24 yaşında evlendim. Evlendiğimde ana okulu öğretmenliği yapıyordum. Çünkü çocukları çok seviyordum ve onlarla birlikte olmaktan keyif alıyordum. Galiba bulunduğum ortamın da etkisiyle hemen çocuğum olsun istedim. Eşimle karar verdik bebek sahibi olmaya. Ama aradan 8 ay geçmişti ve hala hamiye kalmayı başaramamıştım. Gerçi doktorlar 1 yıl bekleyin diyorlar ama.. ben bir şeylerin yolunda gitmediğini düşündüğüm için hemen doktora gitmeye karar verdim. Neredeyse 2 yıla yakın doktora gidip geldim. Birtakım tedaviler gördüm ama sonuç alamıyordum. Gittim merkezde laparoskopi yaptılar. Tekrar 5 – 6 ay ilaçla tedavi oldum. İki kere aşılama denendi. Bu arada çok fazla sancım vardı. Adetlerim çok düzensiz ve ağrılı oluyordu.
Yeni bir merkezde denemeye karar verdim. Uzun süre araştırdım ve bu konuda pek çok kişinin referans ettiği Prof. Dr. Mustafa Bahçeci’yi buldum. İlk tetkiklerde doktorum, problemimin “endometriozis” olduğunu söyledi. Şimdiye kadar yapılan pek çok tetkik ve tedaviye rağmen teşhis edilmemiş kistlerim de olduğunu öğrendik. Bunun için laparoskopi ameliyatı oldum. Sonra bir süre herşeyi kendi haline bıraktık. Menopoz tedavisine alındım. 6 ay hormon tedavisi gördüm. Kış günü sokaklarda yarım kollu bluzlarla dolaşıyordum. Çok sıkıntılarım oldu.
TÜP BEBEK TEDAVİSİNDEN KANSER TEDAVİSİNE…
Sonra Mikroenjeksiyon yapılması kararlaştırıldı. Hazırlıklarımızı sürdürürken, ben kendimi çok kötü hissediyordum. Sinirli ve stresli. Tedaviden kaynaklandığını, psikolojik destek almam gerektiğini düşündük. Ama bu arada yine içim rahat etmedi. Yine agresif ve saldırgandım. Uyku düzenim de bozulmuştu. Bahçeci, “Bir şey olduğunu sanmıyorum ama senin yine de tiroid hormonlarına baktıralım” dedi ve beni Alman Hastanesi Başhekimi ve tiroid cerrahisi uzmanı Prof. Dr. Erol Düren’e gönderdi. Erol Hoca, muayene eder etmez bir kitle teşhis etti ve hemen ameliyat olmam gerektiğini söyledi. Çok şaşırmıştım. Gerçi kendi titizliğim ve endişelerimle başka bir hastalığımın teşhisi konmuştu. Ameliyat oldum ve alınan parçadan tiroid kanseri olduğum anlaşıldı. Bebek sahibi olmak için yola çıkmıştım. Karşıma sürekli engeller çıkıyordum ama bu son teşhisle allak bullak olmuştum.

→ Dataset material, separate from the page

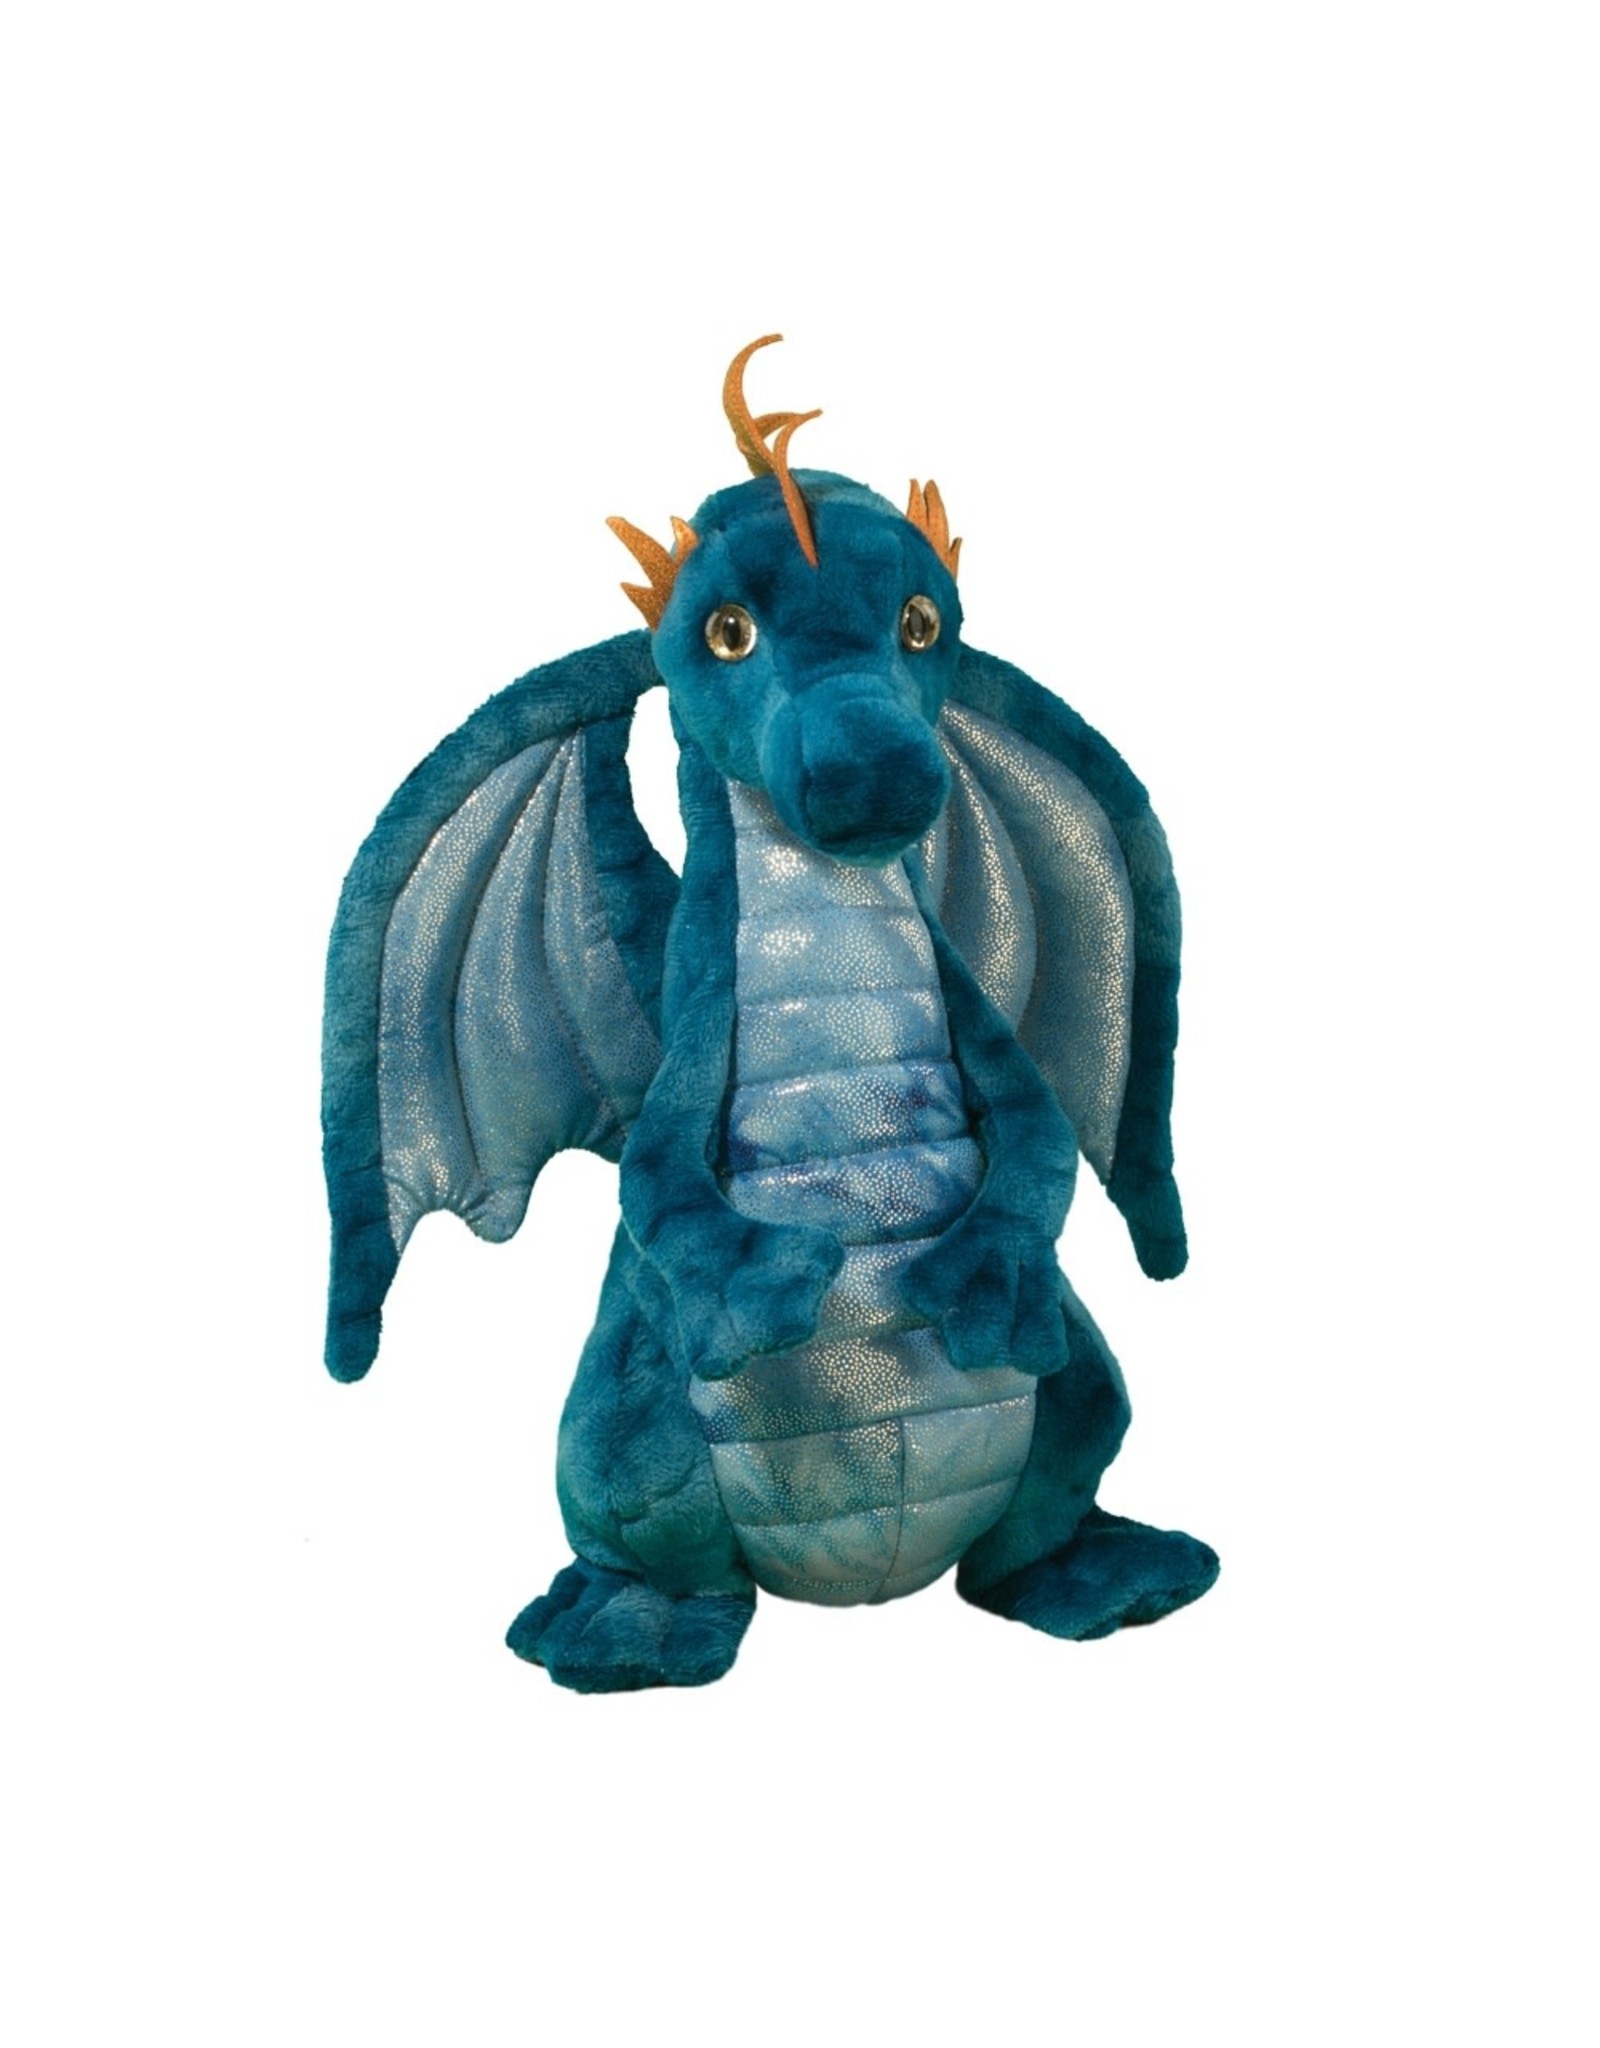 Zander the Blue Dragon 12"
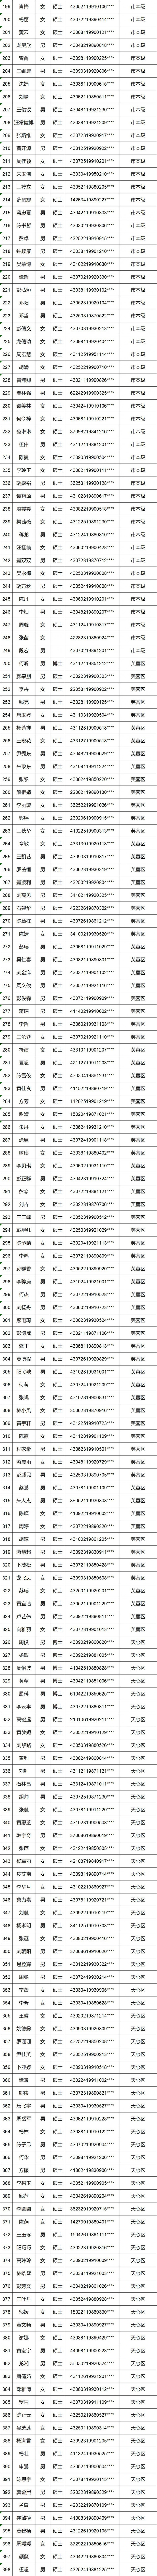 长沙购房补贴名单（2018年9月-2018年11月）

Doktorlarım 2 yıl boyunca çocuk lafı etmemem gerektiğini söylediler. Kanser olduğuma değil, bebek sahibi olmak için verdiğim savaşın ortasında kaldığıma çok daha fazla üzülmüştüm.
Radyoaktif iyot tedavisi aldım. Bir hafta hastanede de karantinada yattım. İyot aldıktan sonra hiç kimseyle temasta olmamanız gerekiyor. Sonunda, Prof. Dr. Düren başkanlığında, Dr. Onur Bey’in mükemmel bir ekip çalışması sonucu kanser tedavim tamamlandı.
İLK DENEMEDE HAMİLE KALDIM
Sonunda beklemem gereken süre doldu. Hiç zaman kaybetmeden bebek sahibi olmak yolunda verdiğim savaşa döndüm. Neyse ki, yine çok iyi bir ekip çalışması ile ilk tüp bebek denemesinde başarılı sonuç aldık. 3 Ağustos’ta hamile olduğumu öğrendim. Benim için yorucu ve uzun bir yolculuk olmuştu. Ama sonunda başardım. 3 Nisan 2001’de kızım Yasemin dünyaya geldi. Eşim ve ben de yeniden dünyaya geldik. Gerçekten, bir evlat sahibi olmak çok çok güzel.
Yaşadığım onca zorluğa rağmen çok da keyifli bir hamilelik geçirdim. Problem yaşamadım ve rahat rahat yedim içtim. 33 kilo aldım. Gerçi sonrada biraz kilolarımla da savaşmak zorunda kaldım. Ama şuna inanıyorum: Her şeye değer.. İkinci bir bebeğim neden olmasın!